As the gas industry continues its infrastructure build-out to tap unconventional and Rockies supplies as well as accommodate growing imports of liquefied natural gas (LNG), two things will go hand in hand: pipelines and storage, according to at least one industry executive.
“Demand for storage is going to lead to demand for pipe, and demand for pipe is going to lead to demand for storage. These two infrastructure vehicles are going to be tied closely together. It’s not going to make much sense to talk about them standing alone,” Patrick Johnson, El Paso Pipeline Group vice president for strategy, recently told a Houston audience.
The gas industry is “wired for growth” for the next five years on the strength of gas-fired power generation, and depending upon what happens with coal-fired and nuclear generation that could be the next 10 to 15 years, Johnson told attendees at the Platts second annual Pipeline Development and Expansion conference. Economic growth is driving electricity demand, which is powering gas demand, he explained.
Couple this growing demand picture with shifting supply sources. Far less gas will be coming to the United States from Canada in the years ahead as Canadians burn more of their own gas. Add growing supplies from the Rockies and Midcontinent, and the “shift in supply and location of demand drives demand for new infrastructure, pipe and storage,” Johnson said. “Demand is occurring in a lot of places where there isn’t a lot of local supply and there isn’t a lot of storage.”
Shifting supply, particularly from LNG, and changing demand patterns will create a lot more volatility, which is a basic value driver for new infrastructure, Johnson said. “These trends blend together to influence the value of infrastructure. Pipelines and storage become complementary capacity. You don’t have one without the other, and the demands that drive one drive the other.”
Gas demand growth is projected to be about 2.5% per year for the next five years and about 2% for the next 10 years, Johnson said. The Northeast and Southeast are far ahead of the national average, he noted, with the biggest area of absolute growth being the Southeast. “After 10 years it’s very close to the Texas area and passes the Midwest and Northeast,” he said. The main driver of demand in the Southeast is electric generation.

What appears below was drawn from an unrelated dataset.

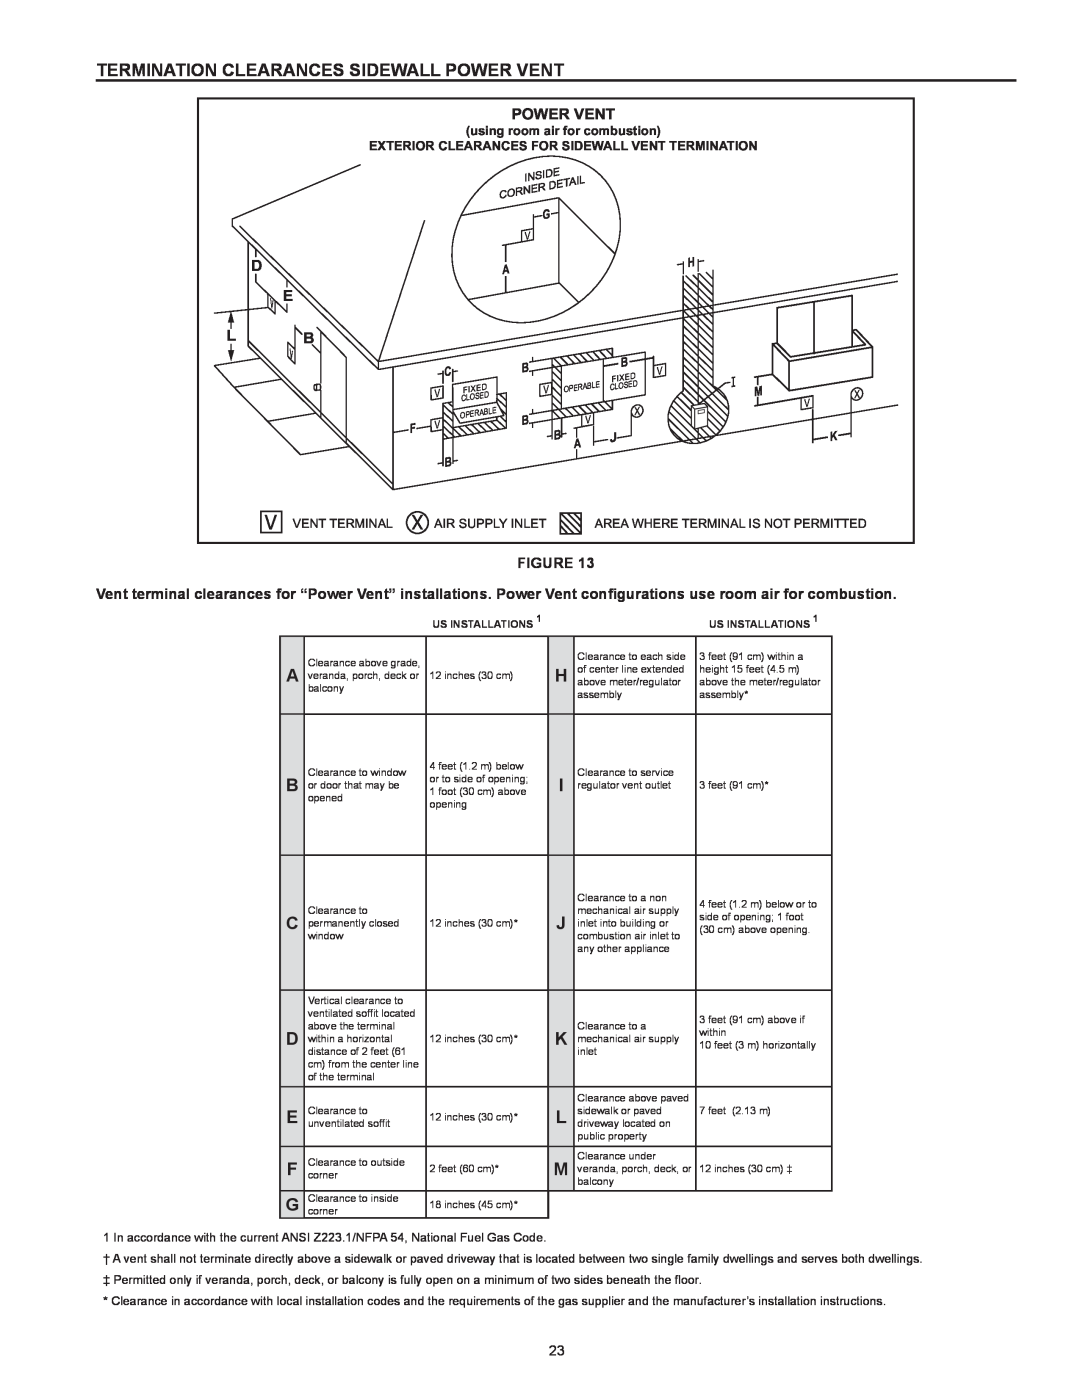 American Water Heater VG6250T100 instruction manual Termination Clearances Sidewall Power Vent

This electric generation demand is part of what’s reshaping the demand curve. While the curve is going up its shape is changing due to the “peakier” nature of power generation demand and the waning stabilizing influence of industrial demand, which is in decline. Couple this increased seasonal variability in demand with the highly seasonal outlook for LNG supply.

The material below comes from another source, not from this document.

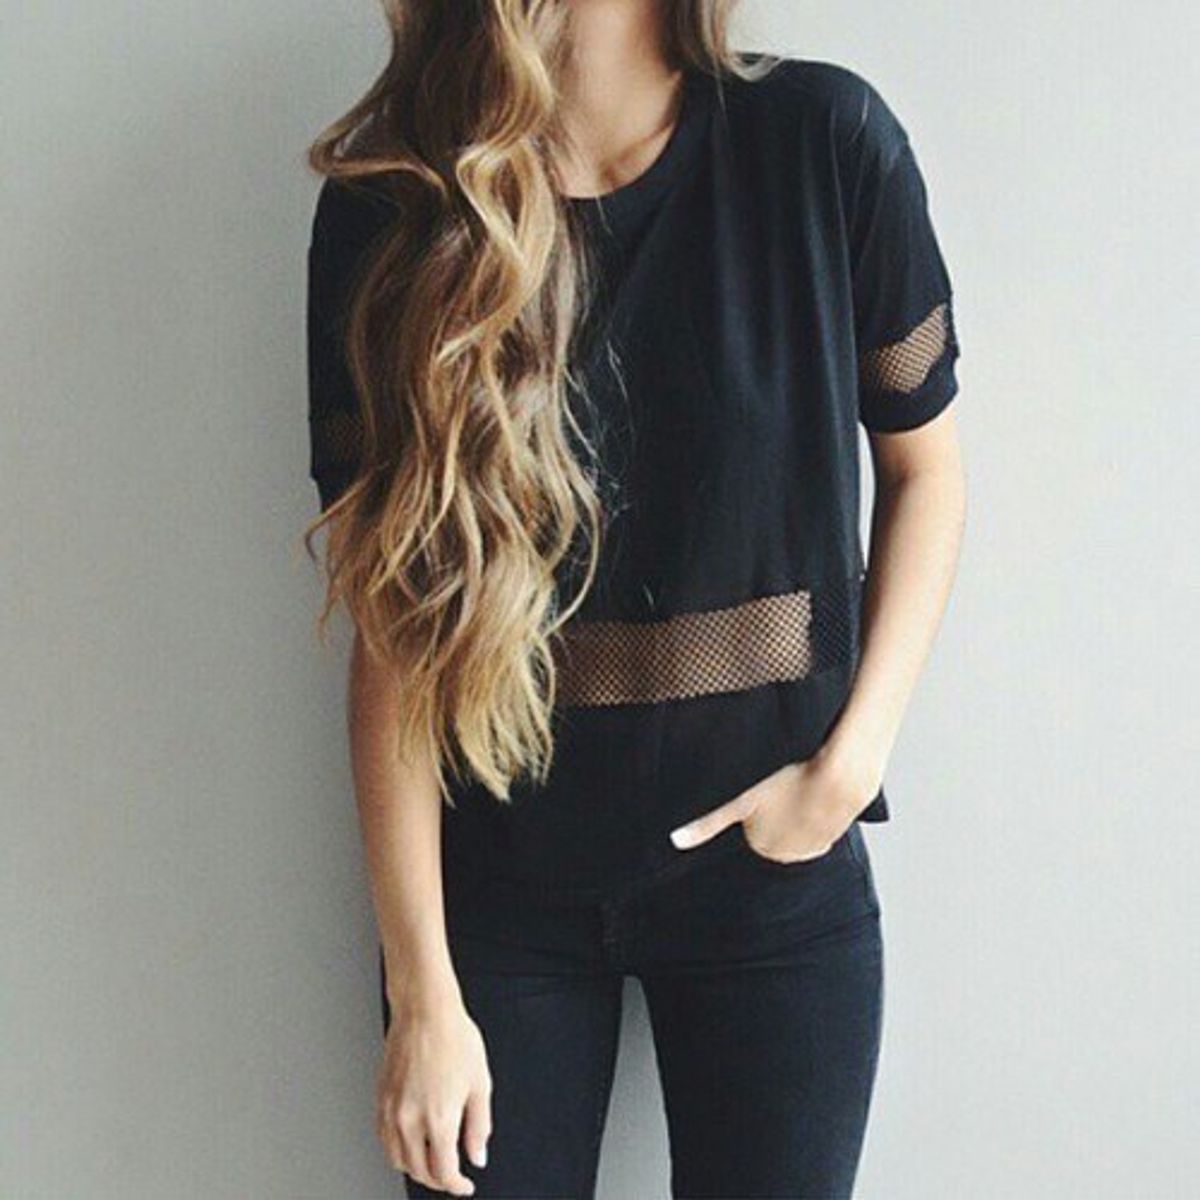 For The Girls Who Only Wear Black

“There are lots of contracts for LNG to buy it on a long-term basis in the world. There are not very many in the United States,” Johnson noted. Japanese, Korean and European markets generally hold the long-term contracts for LNG, and they have roughly the same kind of weather as the United States.
“It will only be in the summer that [LNG] will want to come to the United States and that’s because…the United States is where the storage is,” he said. At least in the summertime, the U.S. is poised to be the “worldwide warehouse for LNG.
“The ultimate storage play is to buy LNG in Algeria in the summer and sell it in New Jersey in the winter,” Johnson said. It can be done, but only by players that have the necessary pipeline and storage capacity to serve the market.
Unfortunately for the U.S. market, the growth in gas demand is not occurring where gas storage exists. Johnson noted that there is generally no storage in New England, Manhattan, New Jersey, Florida, the Carolinas or Georgia. “That’s where the big demand is occurring. We show growth in the Northeast. It’s not in western New York or western Pennsylvania where the storage is. It’s in eastern New York and eastern Pennsylvania where the storage is not.”
Add to the list of high-demand, storage-poor areas Phoenix and Las Vegas, where Johnson said demand is growing 5-6%/year.
“Most of the [new] storage proposed is independent developers who will then have to connect pipes and then have to connect LDCs [local distribution companies],” Johnson said. “The linkage between storage and pipes will grow stronger going forward.”